Question 1: What is reproduction?
Answer: The biological process through which an organism gives rises to young ones (offspring) similar to itself, is called reproduction.
Question 2: What are the different types of reproduction? Explain each type in brief.
Answer: There are two types of reproduction, viz. asexual reproduction and sexual reproduction.
Asexual Reproduction: When a single parent participates in reproduction, and gamete formation does not take place; it is called asexual reproduction. Offspring which are produced by means of asexual reproduction are identical or clones to their parent.
Sexual Reproduction: When two parents (of opposite sexes) participate in reproduction, and gamete formation takes place; it is called sexual reproduction. In some examples of sexual reproduction, a single parent may produce both the male and female gametes and participate in reproduction.
Question 3: What do you understand by binary fission?
Answer: Binary fission is a type of asexual reproduction. This method is common in unicellular organisms. In this method, the mother cell undergoes mitotic cell division to produce two daughter cells. Binary fission is seen in Protista and Monera.
Question 4: What do you understand by budding?
Answer: This is a type of asexual reproduction. Reproduction by budding can be seen in yeast. In this method, the cell undergoes unequal division and produces small buds. The buds separate from mother cell on maturation and start life as new individuals.
Question 5: What is spore formation?
Answer: Spore formation is a method of asexual reproduction. Some species of algae and fungi reproduce by spore formation. Special asexual reproductive structures are formed in these organisms. Zoospores are the most common structure among such asexual reproductive structures. Zoospore is usually a microscopic motile structure.
Question 6: What is vegetative propagation?
Answer: When reproduction takes place through vegetative parts rather than reproductive parts in these plants, it is termed as vegetative propagation. In this method, a new plant is produced from roots, leaves or stems. Examples of vegetative propagules are; eyes of potato, rhizome of ginger, bulbil of agave, leaf buds of bryophyllum, offset of water hyacinth, etc.
Question 7: What is juvenile phase?
Answer: The period of growth before onset of sexual maturity is called juvenile phase.
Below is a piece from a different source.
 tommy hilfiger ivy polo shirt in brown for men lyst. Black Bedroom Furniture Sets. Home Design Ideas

This phase is called vegetative phase in plants.
Question 8: What do you understand by oestrous cycle?
Answer: The cyclical changes in females of non-primates during reproductive phase are called oestrous cycle. In this case, the animal resorbs the endometrium in case pregnancy does not happen.
Question 9: What is menstrual cycle?
Answer: The cyclical changes in females of primates during reproductive phase are called menstrual cycle. In this case, the animal sheds the endometrium in case pregnancy does not happen. Endometrium is shed in fragments along with blood by means of menstrual flow.
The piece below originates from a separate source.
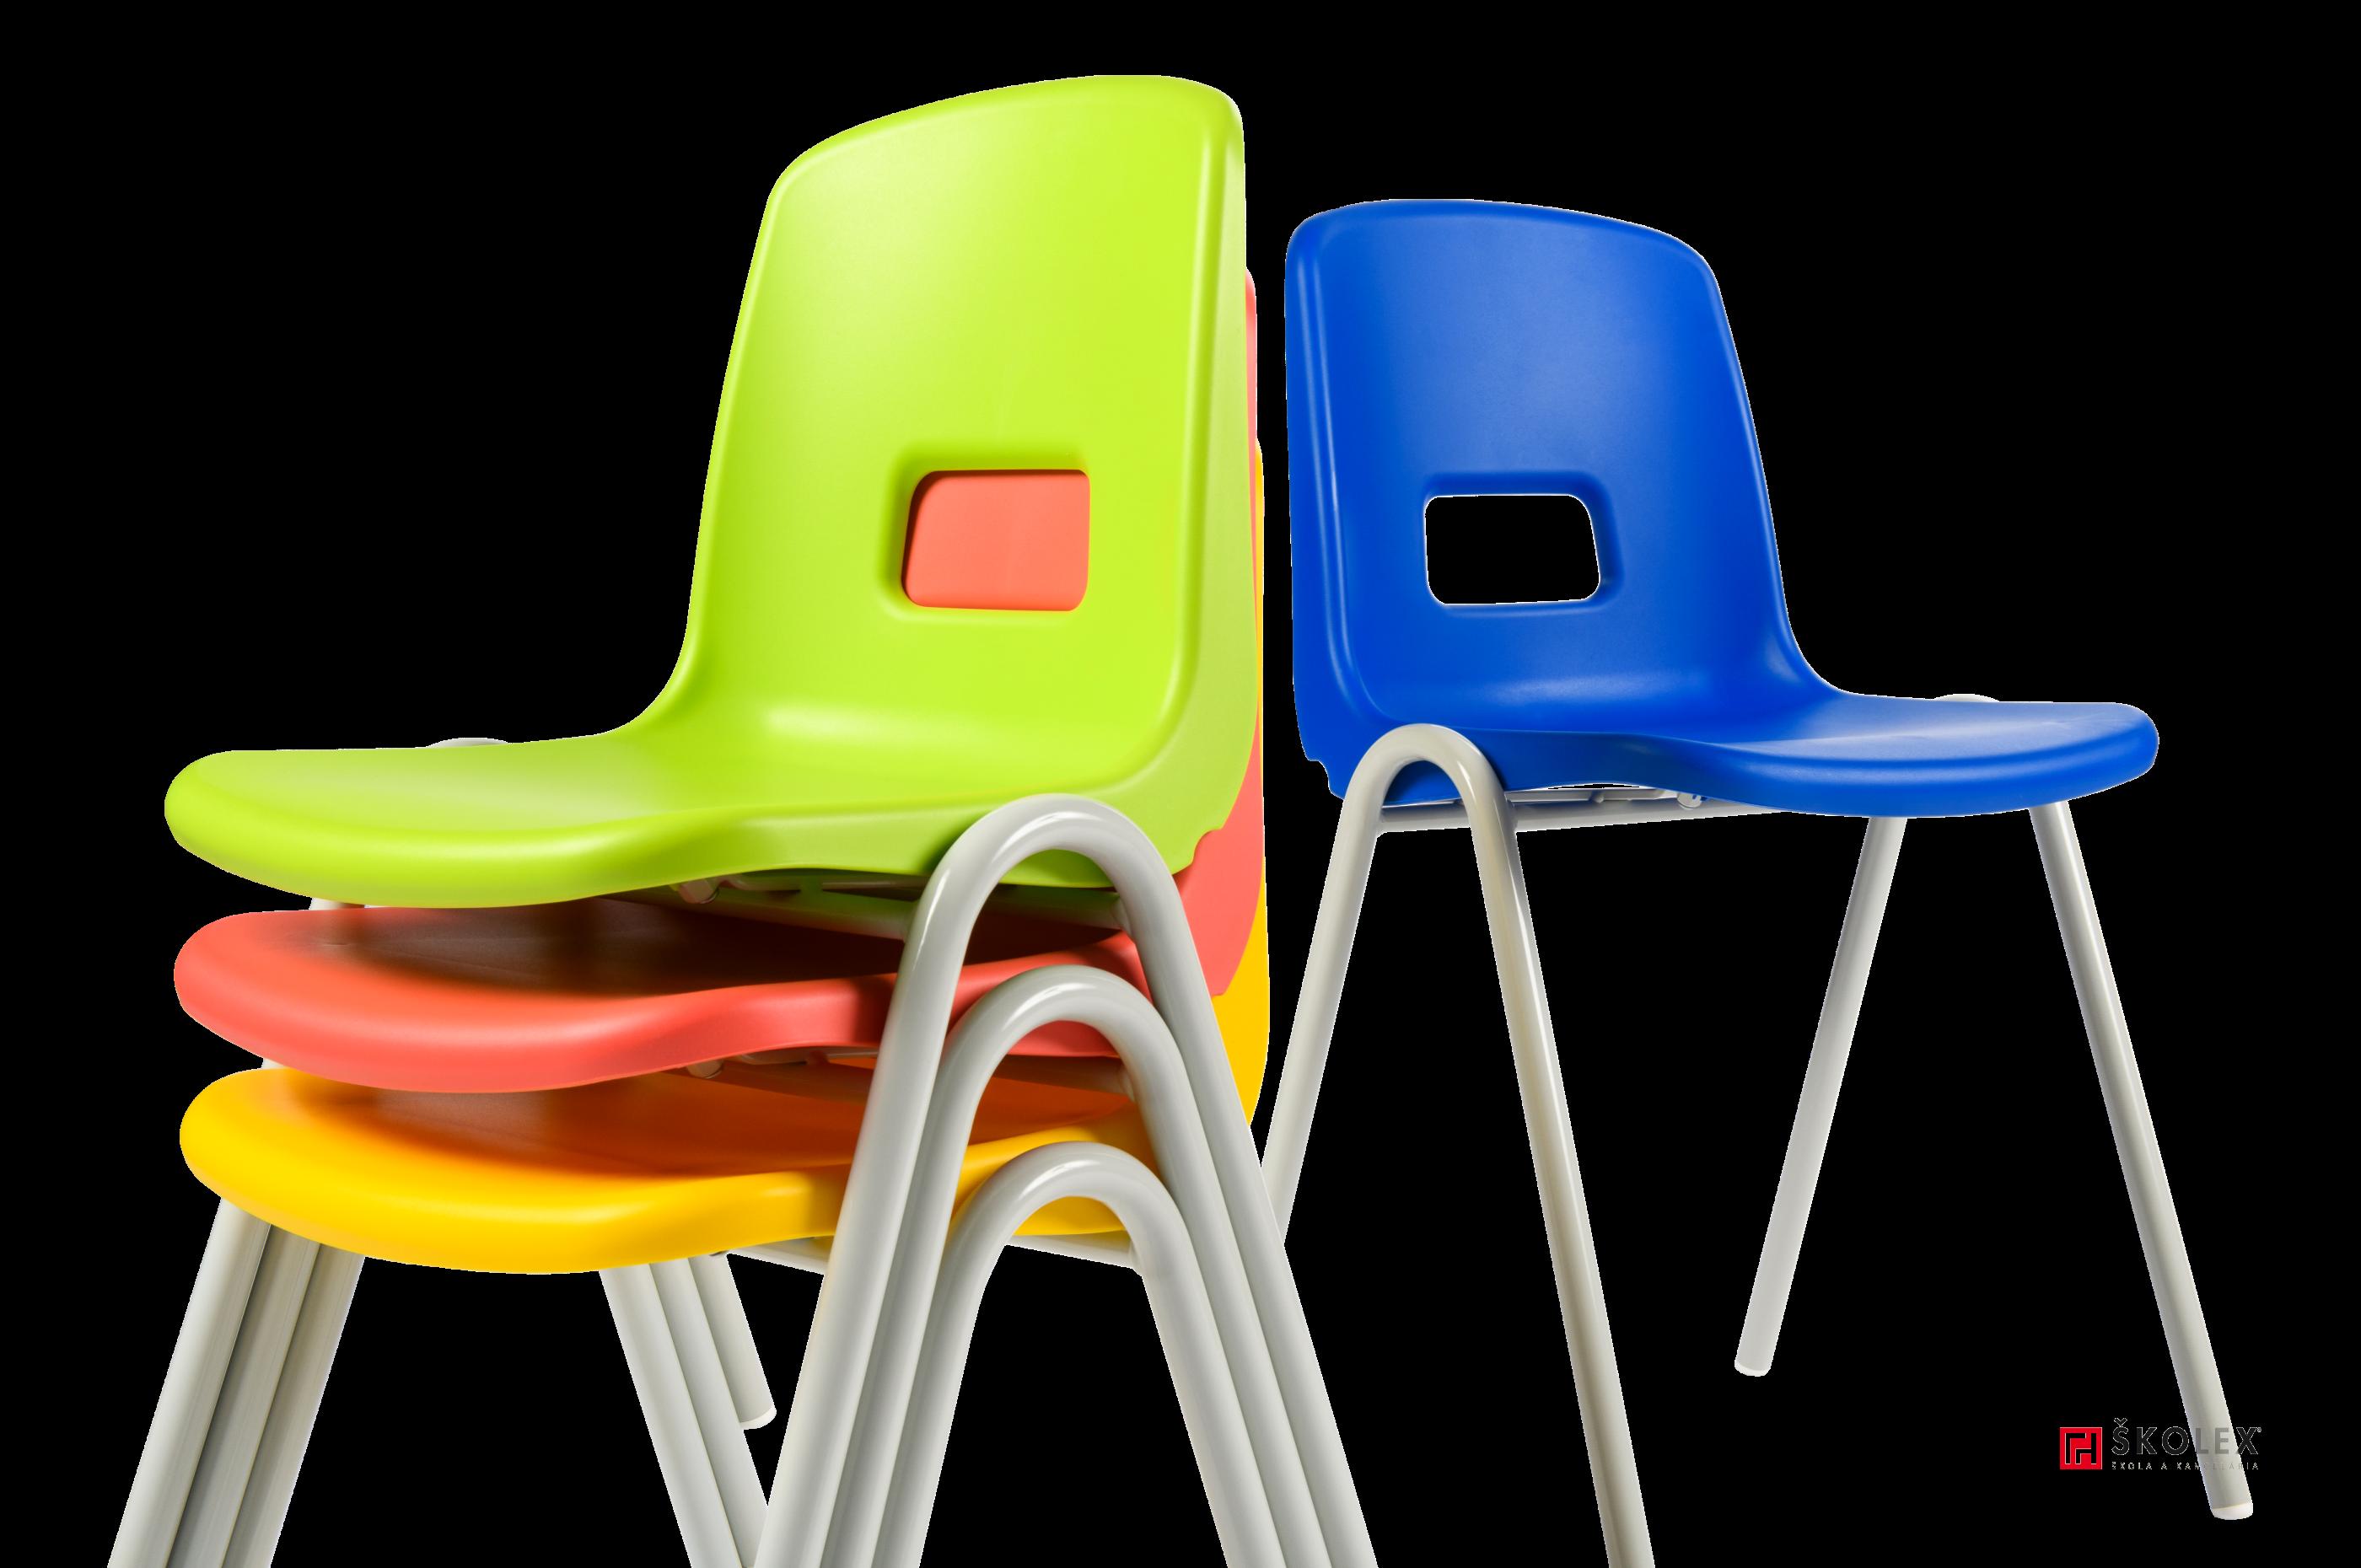 Stuhl TINA mit Kunststoffsessel / Skolex

Question 10: Which are the key pre-fertilisation events?
Answer: Gametogenesis and gamete transfer
Question 11: What is isogamous condition?
Answer: In some species the two gametes are similar in appearance, and it is not possible to categorise them into male and female gametes. Such condition is called isogamous condition.
Question 12: What is anisogamous or heterogamous condition?
Answer: In majority of sexually reproducing organisms, the gametes are of two morphologically distinct types. Such condition is called anisogamous or heterogamous condition. The smaller gamete is the male gamete and is called antherozoid or sperm. The larger gamete is the female gamete and is called the egg or ovum.
Question 13: What is the difference between a staminate flower and a pistillate flower?
Answer: A staminate flower produces only the male gametes, while a pistillate flower produces only the female gamete.
Question 14: Why do organisms produce male gametes in significantly large numbers compared to the number of female gametes?
Answer: In most of the organisms, female gamete is stationary while the male gamete is motile. The male gamete needs to be physically brought near the female gamete to facilitate fertilization. During the process of transfer majority of male gametes are lost in transit. To compensate for this loss of male gametes during transport; organisms produce male gametes in several thousand times the number of female gametes produced.
Question 15: What is parthenogenesis?
Answer: The female gamete in some organisms develops to form a new organism without fertilization. This phenomenon is called parthenogenesis, e.g. some lizards, rotifers, honeybees and some birds (turkey).